図16は、本発明の焼結鉱の製造方法を適用した場合において、初期水分の変動に対する原料層通気性、遠心脱水分、初期水分および造粒水分の目標値の変化を示す図である。同図では横軸に操作ステップ、縦軸に原料層通気性[J.P.U]、遠心脱水分[質量%]、初期水分[質量%]および造粒水分の目標値[質量%]をそれぞれ示す。
初期状態である操作ステップ0では、遠心脱水分が管理範囲内の1.5質量%であり、その際の焼結原料の初期水分は0質量%、造粒水分の目標値は6.5質量%であった。操作ステップ1において、焼結原料の初期水分を4質量%に変動させると、造粒水分の目標値は6.5質量%のままであるが、遠心脱水分が管理範囲未満の0.4質量%に減少し、原料層通気性が大幅に悪化した。

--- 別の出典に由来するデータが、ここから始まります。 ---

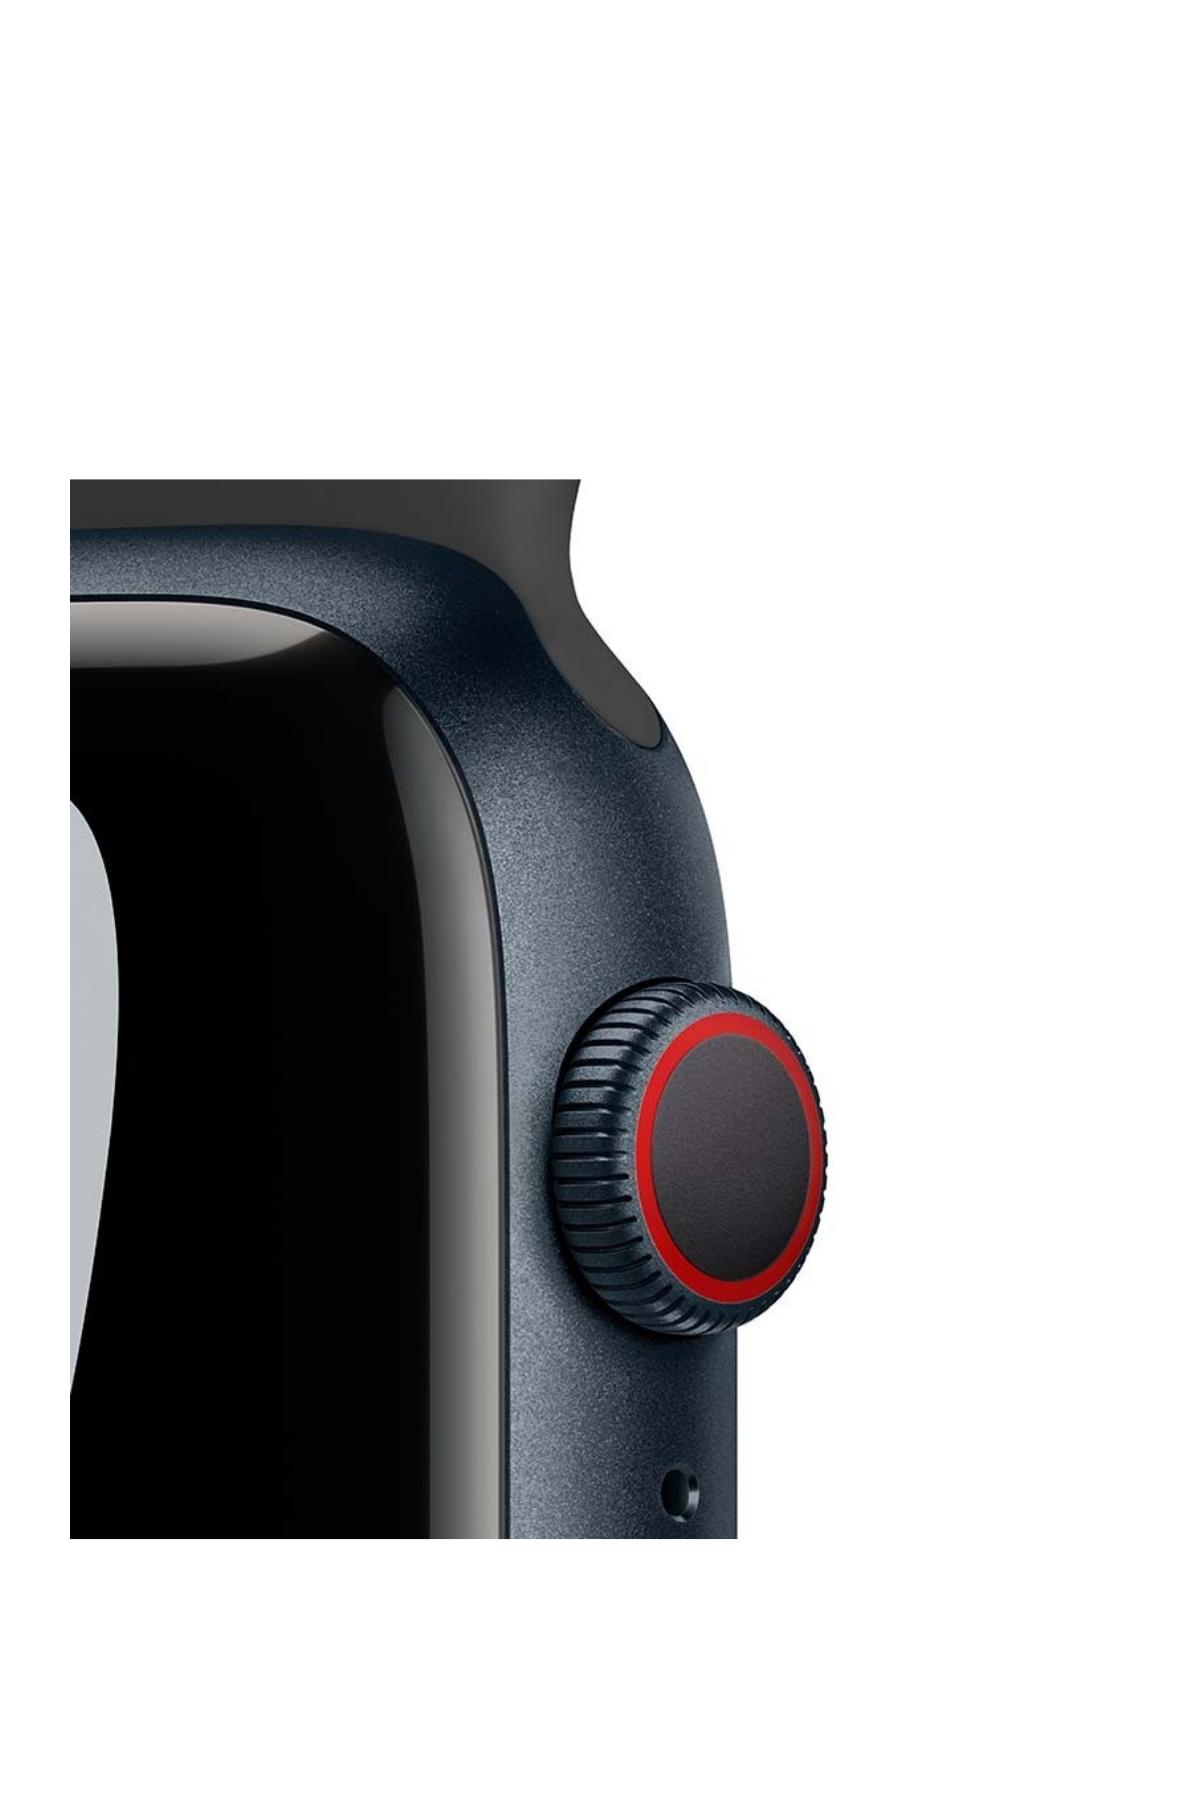 Apple Akıllı Saat Nike S7 (45 MM)

そこで、操作ステップ2では、遠心脱水分が管理範囲未満となったのに応じて、造粒水分の目標値を1.0質量%増加させて7.5質量%とした。その結果、遠心脱水分が0.9質量%まで上昇するとともに、原料層通気性が向上したが、遠心脱水分は依然として管理範囲未満であった。さらに、操作ステップ3では、造粒水分の目標値を8.5質量%まで増加させたところ、遠心脱水分が管理範囲内の1.5質量%となったので、造粒水分の目標値を8.5質量%で維持した。また、操作ステップ3では、遠心脱水分の増加とともに、原料層通気性が向上した。
操作ステップ4において、焼結原料の初期水分を0質量%に変動させたが、造粒水分の目標値が8.5質量%のままであるので、遠心脱水分が管理範囲を超えて3.3質量%に増加し、原料層通気性が悪化した。そこで、操作ステップ5では、造粒水分の目標値を1.0質量%減少させて7.5質量%とし、その結果、遠心脱水分が管理範囲内の2.4質量%まで減少したことから、造粒水分の目標値を7.5質量%に維持した。また、操作ステップ5では、遠心脱水分の減少とともに、原料層通気性が向上した。

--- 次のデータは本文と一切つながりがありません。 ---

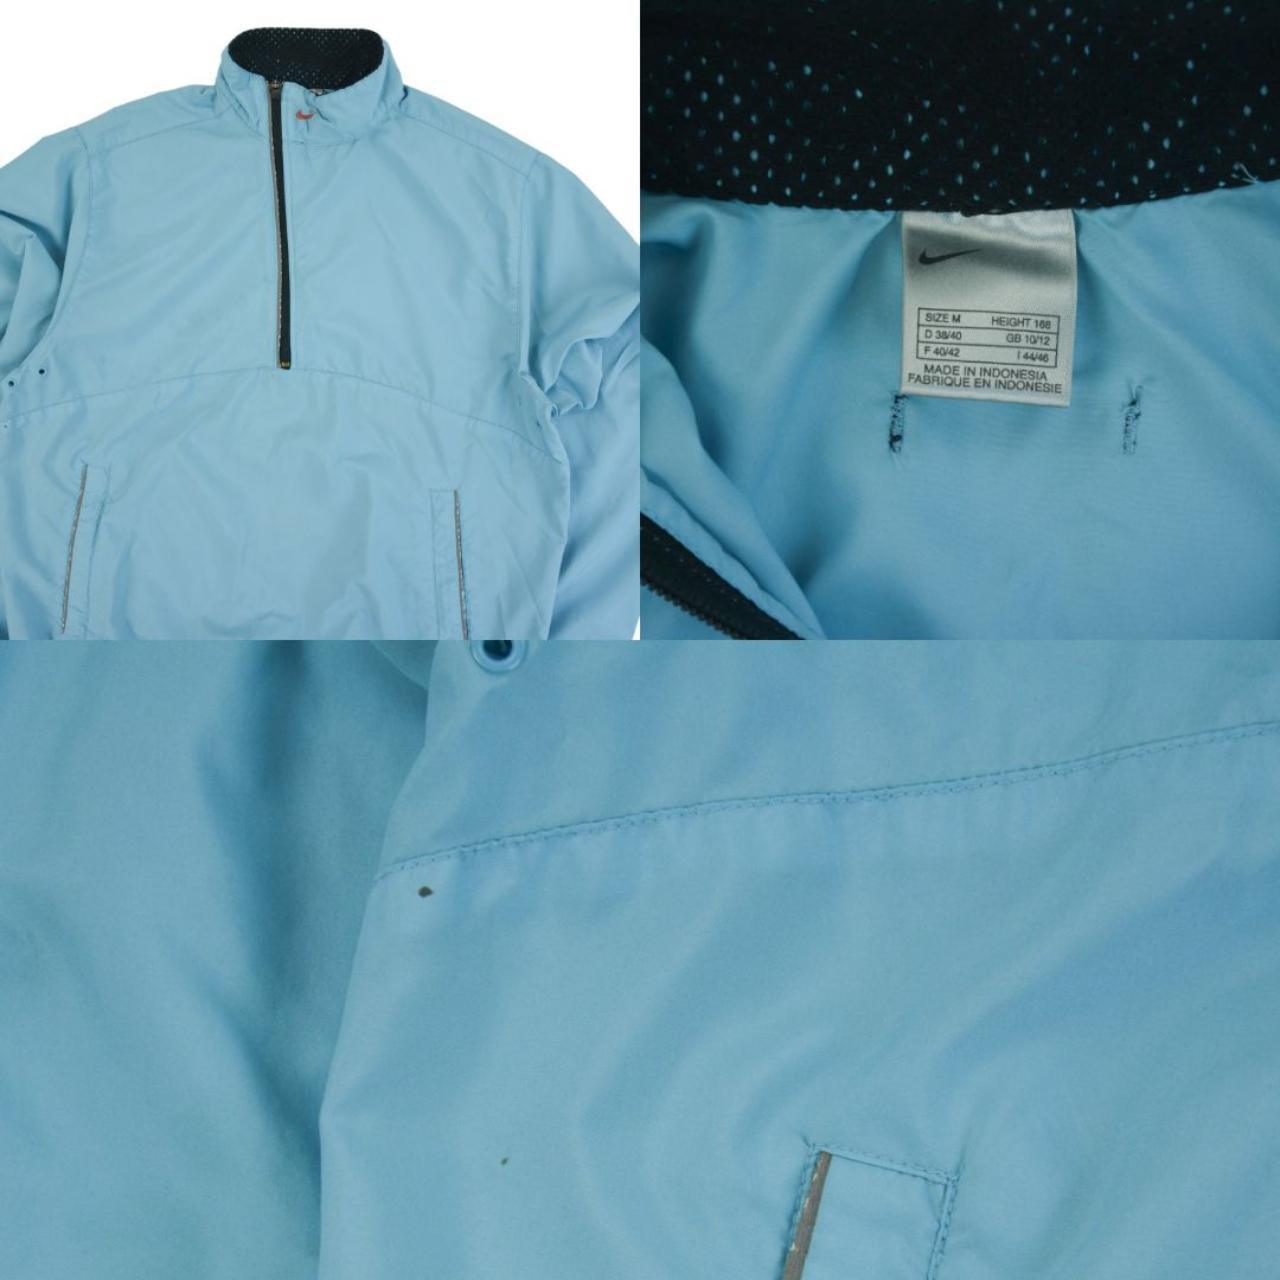 Vintage Nike Asymmetric Q Zip Jacket Size XS - Known Source

以上のように、焼結原料の初期水分が変動して遠心脱水処理による除去水分値(遠心脱水分)が1.3質量%〜2.5質量%の範囲外になった場合でも、焼結原料が含有する全水分(造粒水分)の目標値を変更して添加水分量を調整することで、焼結機に装入された際の原料層通気性を安定して向上できることが確認できた。